COLUMBIA – The campaign supporting Proposition B has bought $1 million of television advertising with campaign donations to date, according to the campaign's manager.
Barbara Schmitz said the commercials will begin airing next week.
“We are going to be in every media market across the state,” Schmitz said.
The pro-Proposition B campaign, Missourians for the Protection of Dogs, has raised $2.38 million from January through Sept. 27. The campaign dubbed the statute the "Puppy Mill Cruelty Prevention Act." If passed, it would add regulations to already existing laws about dog breeding in Missouri.
The campaign might branch out to radio as well, Schmitz said, but the organization was evaluating all options.
The Alliance for Truth and MOFED PAC are the political action committees working against Proposition B. They have not run any television ads, but there are videos on the Alliance for Truth website targeting the Humane Society of the United States.
Of the $2.38 million that Missourians for the Protection of Dogs has raised, contributions from Missouri residents and groups totaled just more than $73,000 – about 3 percent of the donations.

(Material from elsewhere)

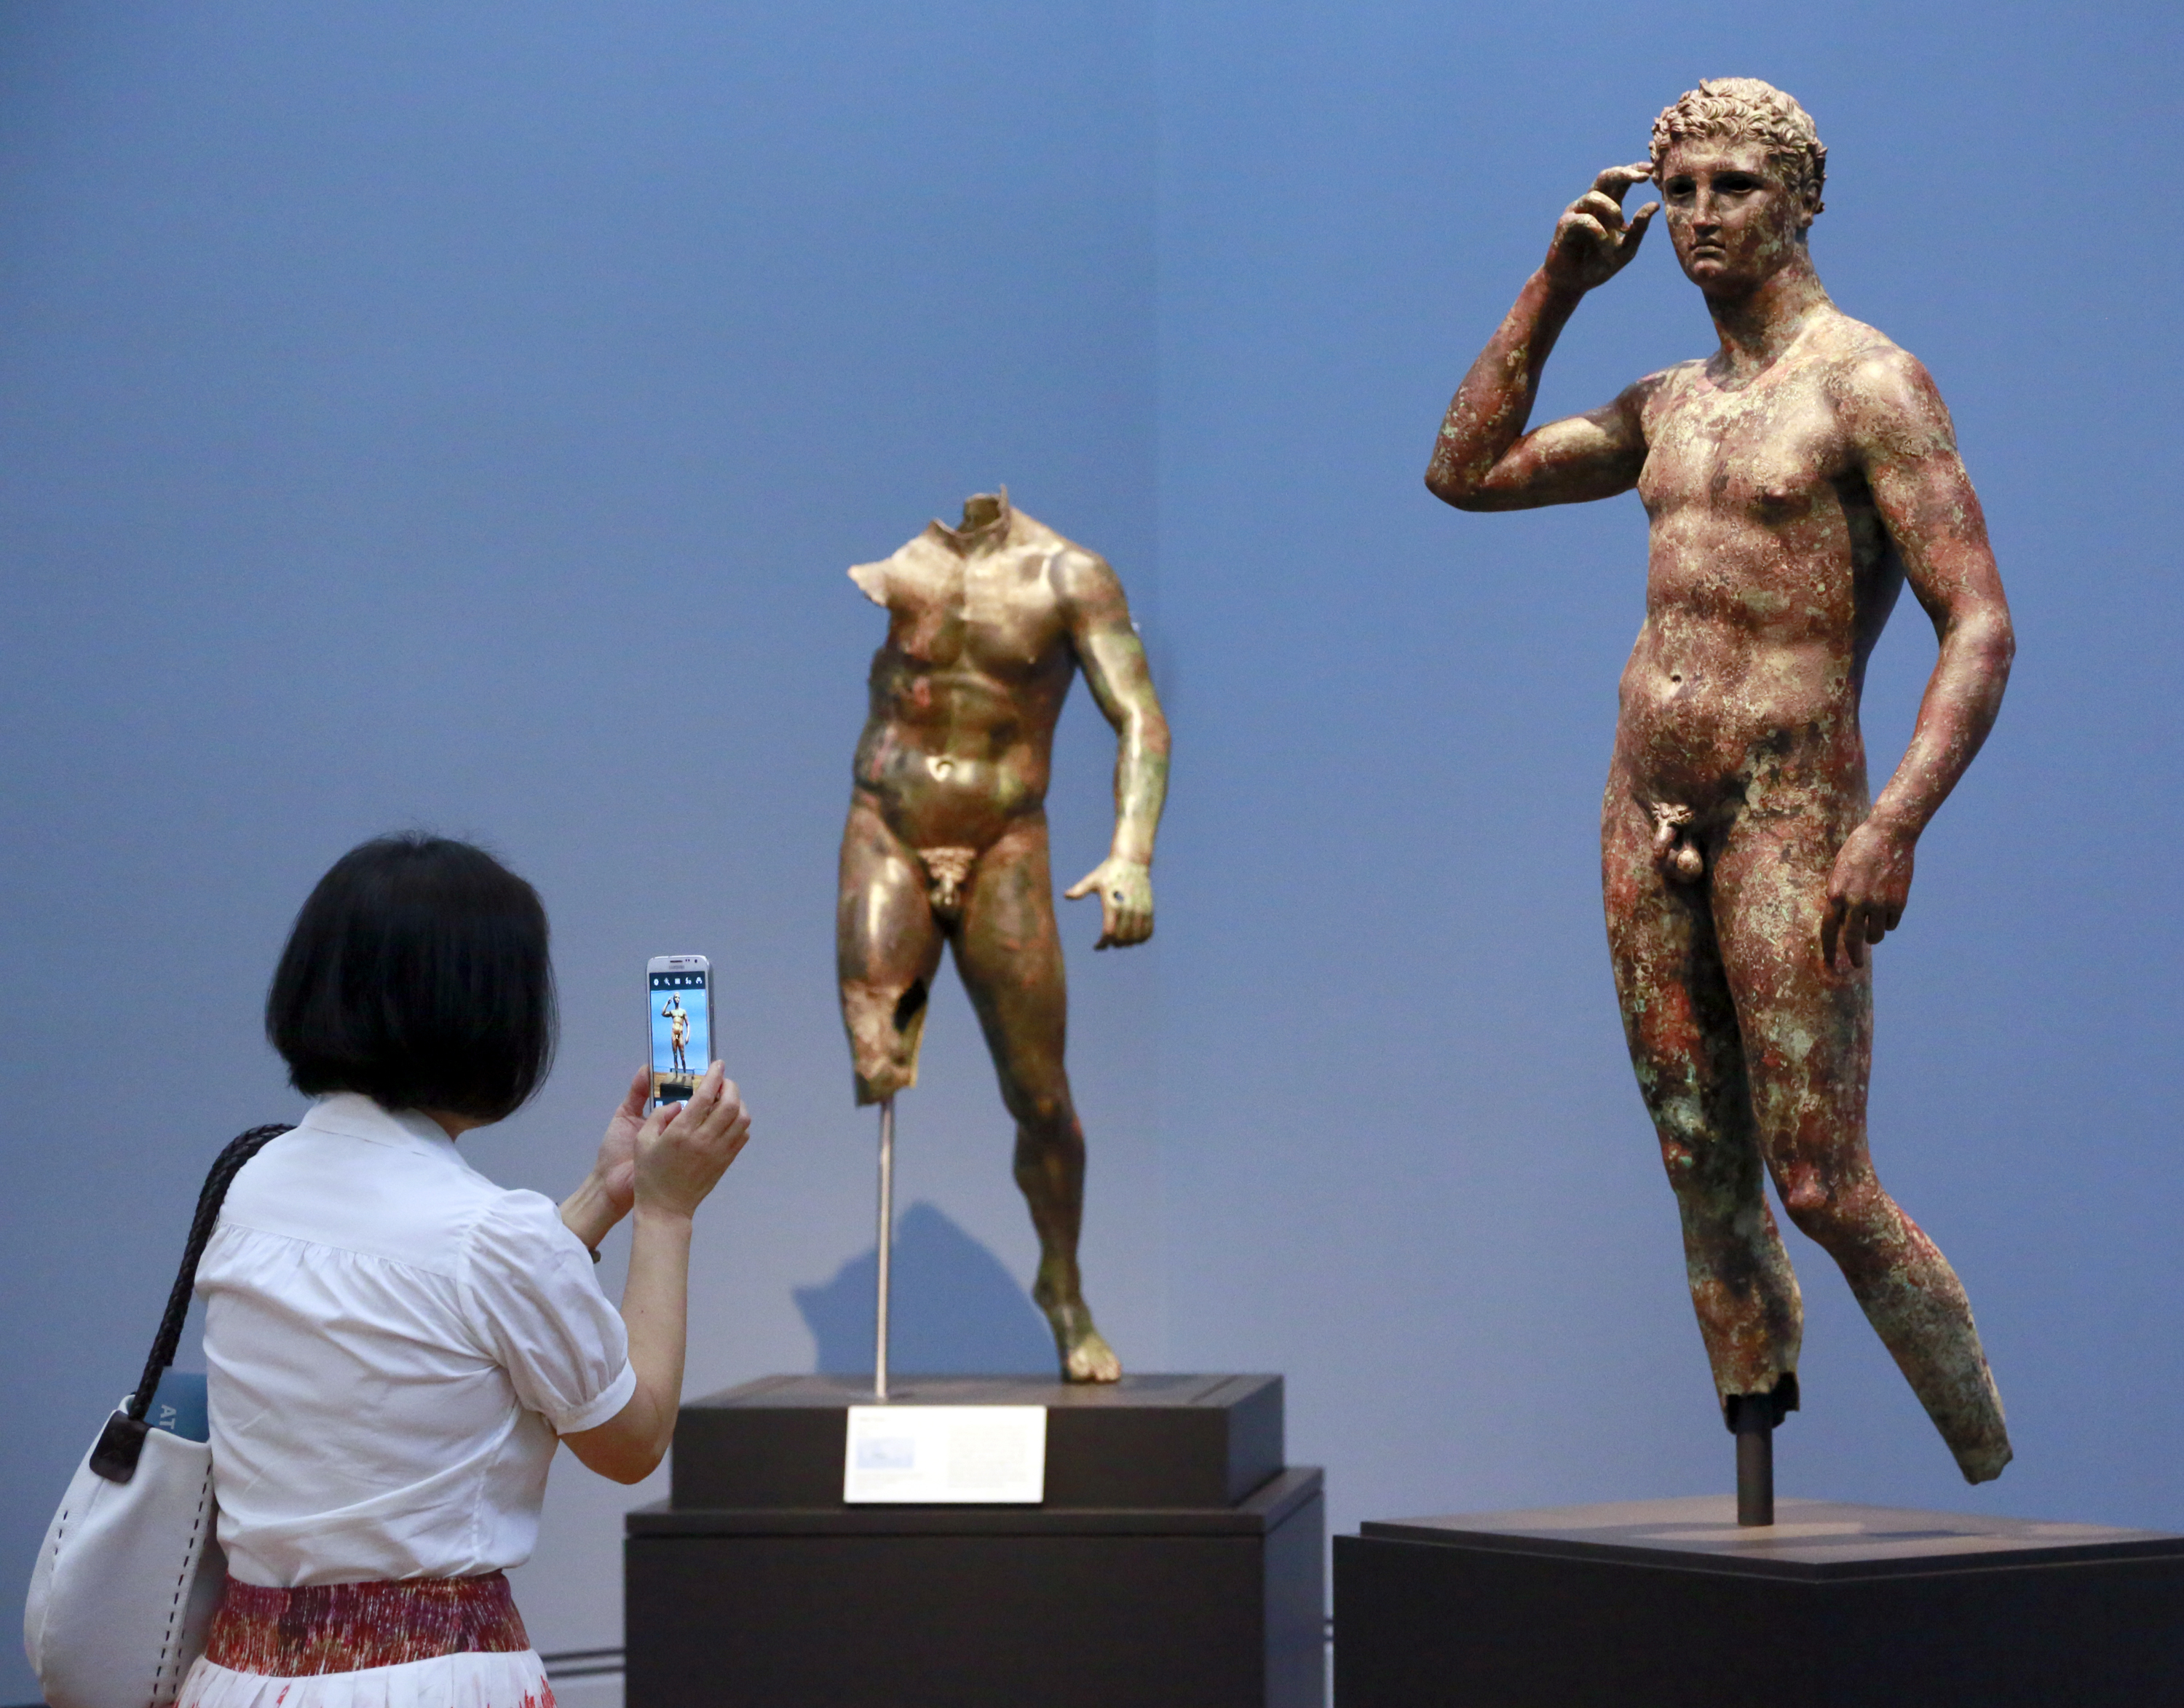 FILE - Reporter Sookee Chung takes a photo of a sculpture titled "Statue of a Victorious Youth, 300-100 B.C." at the J. Paul Getty Museum in Los Angeles, on July 27, 2015. A European court upheld Italy’s right to seize a prized Greek statue from the J. Paul Getty Museum in California, rejecting the museum’s appeal on Thursday and ruling Italy was right to try to reclaim an important part of its cultural heritage. (AP Photo/Nick Ut, File)

The Humane Society of the United States has donated more than $1.16 million and is part of the coalition sponsoring Proposition B. Large out-of-state donations from groups sponsoring the bill included $250,000 from Best Friends Animal Society in Utah and $200,000 from the American Society for the Prevention of Cruelty to Animals in New York.
The campaign committee promoting the ballot initiative also received 14 donations that ranged from $5,000 to $25,000 from individuals across the country. Three of these donors were from Missouri.
“This is a nationwide issue,” Schmitz said. “There are people who understand the depths of the problems in Missouri.”
The Missouri Alliance for Animal Legislation and the Humane Society of Missouri are the only Missouri organizations that gave more than $5,000.
The bulk of these donations appeared in the past few weeks. In its July quarterly report, Missourians for the Protection of Dogs reported that it had raised just shy of $64,000.
“We were certified to be on the ballot on Aug. 3,” Schmitz said. “When supporters understand that you are going to be on the ballot then people are more interested.”
The Alliance for Truth established itself seven months after its opposition group. They have accumulated significantly less campaign money: Missouri Ethics Commission campaign finance records show that it has raised $20,000 in contributions.
MOFED PAC has raised over $46,000 during the same period.
A lack of campaign contributions does not deter Barbara York, president of the Missouri Pet Breeders Association, a group that endorses the Alliance for Truth.
"I am not worried about it at all," York said. "99.9 percent of our money has come from Missouri where 97 percent of their money comes from out-of-state."
York said that there were fundraisers for Proposition B in California and New York.
"We're in the fight for Missouri," York said. "I don't think outside entities should have any say whatsoever in how Missouri lives."
Karen Strange, president of the Missouri Federation of Animal Owners, which supports the Alliance for Truth, said that her organization is conducting significant grassroots campaigning. They have not decided how to advertise their campaign.
"I think Missourians really need to take a hard look at the invasion by outside interests into our state with more government regulations on an already regulated industry," Strange said. "It looks to me like out-of-state interests are telling Missourians what to do."